И, раздвигая плечом красноармейцев, гулко зашагал к командиру полка юный младший лейтенант в мокрой солдатской шинели, так же, как и у его бойцов, по самый ворот облепленной окопной глиной.
Значит, были тут и командиры, удивился Железняков. Были! А увидеть их он не смог. Хотя чему ж удивляться, когда даже ротные меняются чуть ли не два раза в месяц. Потери в окопах весной - почти как летом в наступлении.

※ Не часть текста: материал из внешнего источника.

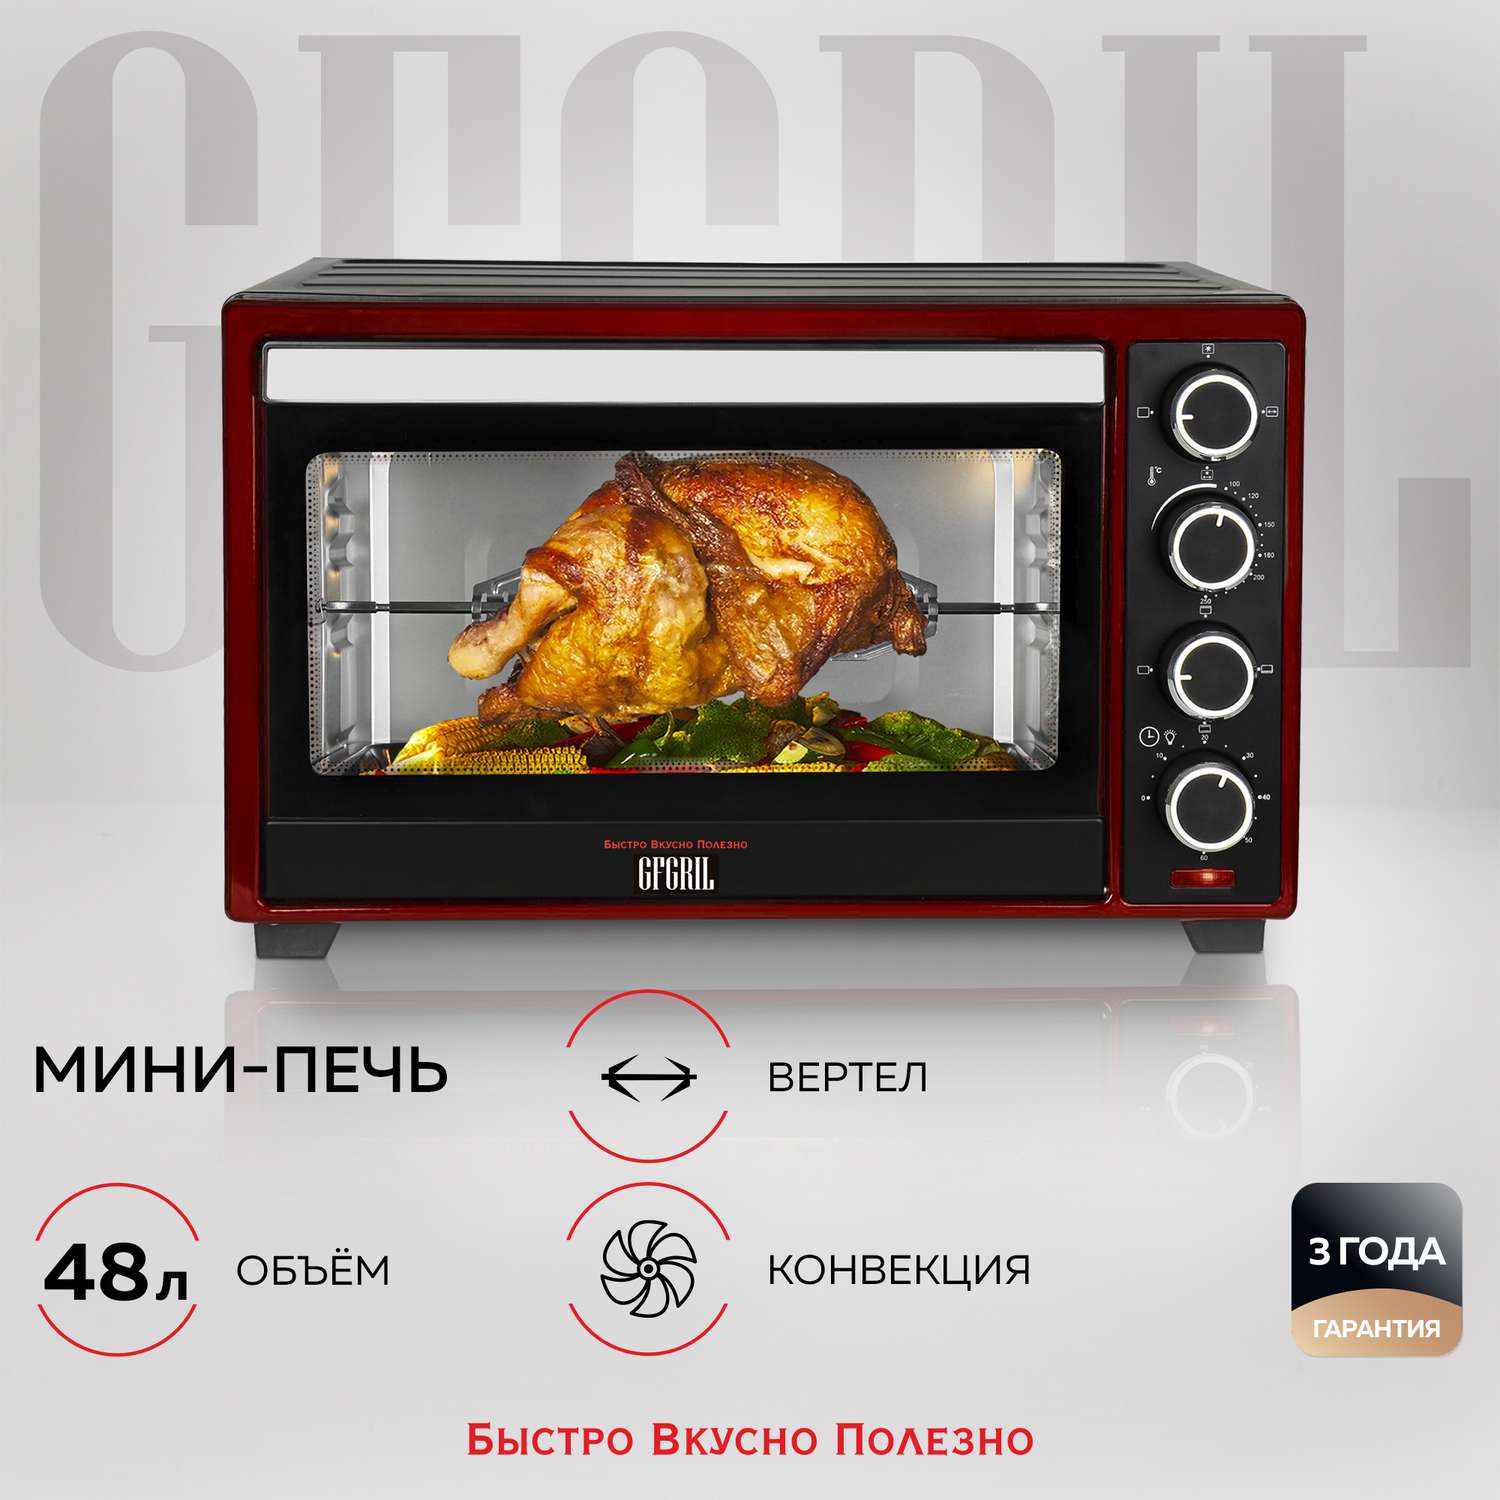 Мини-печь GFGRIL Gfo-48Br электрическая духовка 48 л цвет черный с красным конвекция вертел - фото 2
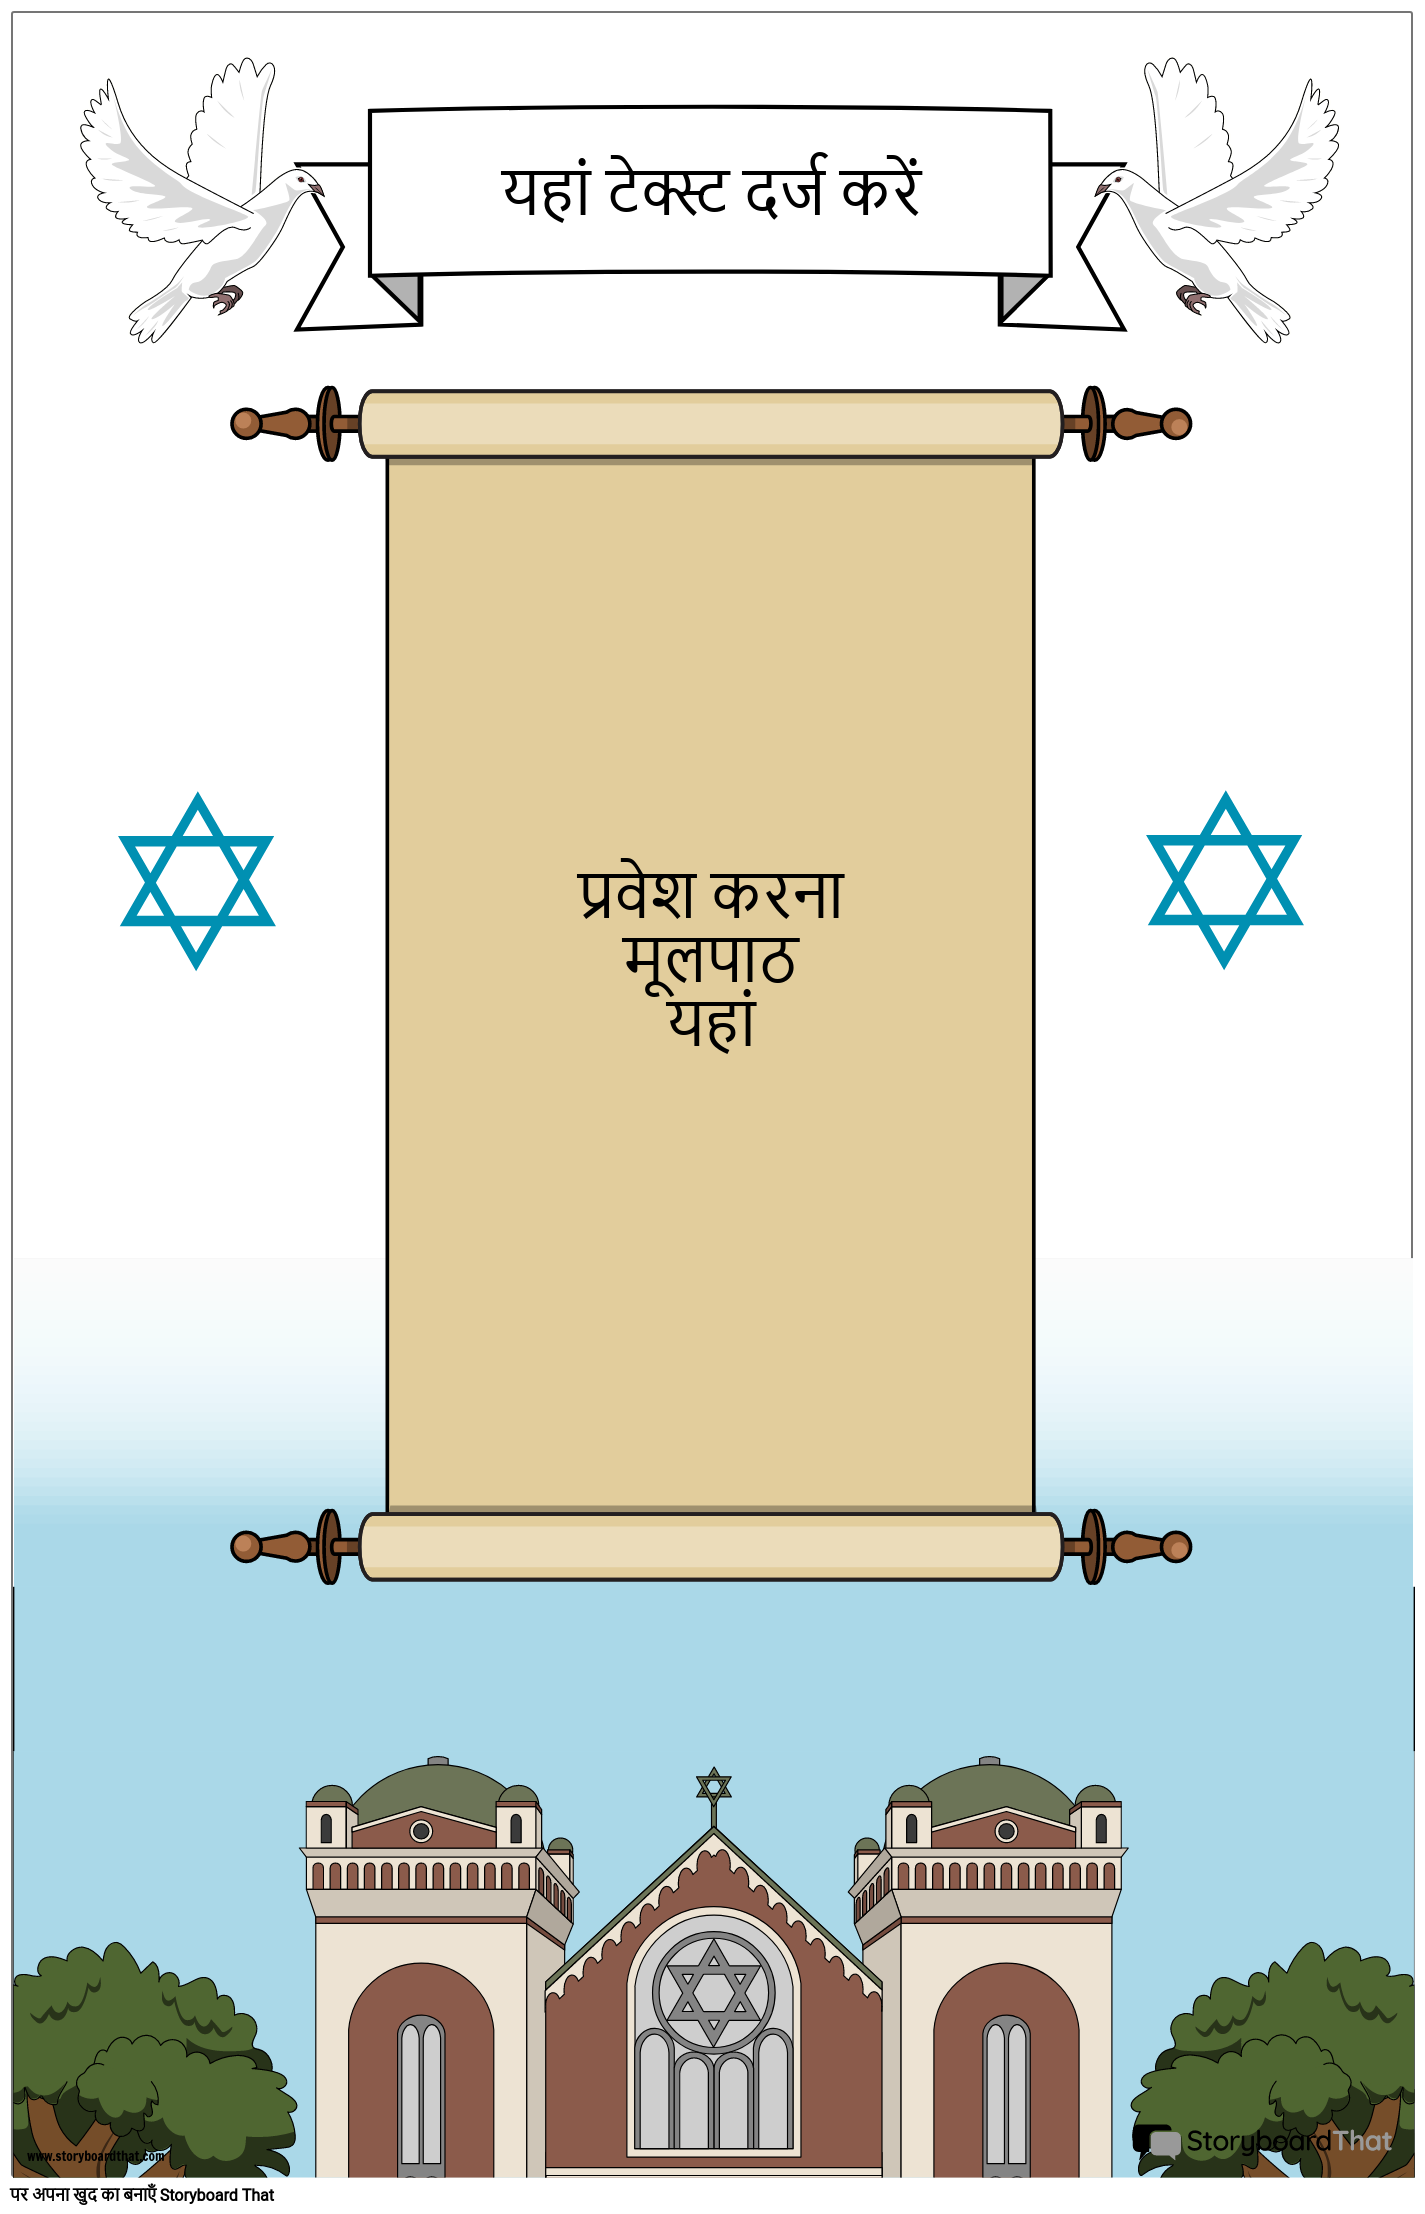 स्क्रॉल के साथ यहूदी पोस्टर

Не захотелось такому юнцу лезть в окопе через грязь по колено, значит, по грудь и высунется над бруствером. Ну, а пуля, как всегда, тут как тут.
Командир полка тридцативосьмилетний капитан Кузнецов быстрыми круглыми глазами вмиг охватил все происходящее перед ним.
Дал людям время прийти в себя, оправить гимнастерки и шинели, затянуть ремни, а доклад младшего лейтенанта слушать не стал. Уже почти все поняв, обратился прямо к тому, с кем вместе сражался в февральском десанте, когда от их полка осталось в живых всего двенадцать человек. Капитан тогда еще полюбил его за отвагу и отчаянность. Он и потом не раз прославился в зимних и весенних боях. Но, как теперь догадывался Кузнецов, вероятнее всего, был виновником всей здешней кутерьмы.
- Что здесь происходит, Железняков? - нарочито сухо и сурово спросил полковой командир.
- Да вот, - начал было растерянно Железняков. - Кто‑то коня убил…
Все вылетело у него из головы. Все. Он, который двое суток готовил операцию "Буйвол", каждого учил, и как действовать, и как отвечать на хитрые казенные вопросы, не нашел слов, чтобы ответить на самый первый, самый простой.
Сказав свои нелепые слова, комбат, похолодев внутри, понял, что вот и ни к чему вся двухдневная подготовка. Если он, московский студент, вмиг не нашелся, то чего же ждать от мордовской деревни, откуда пришли многие батарейцы, а ездовые поголовно, чего ждать от рядовых колхозников и рабочих. Ясно, что из них, коль дойдет до следствия, все вытянут и вызнают.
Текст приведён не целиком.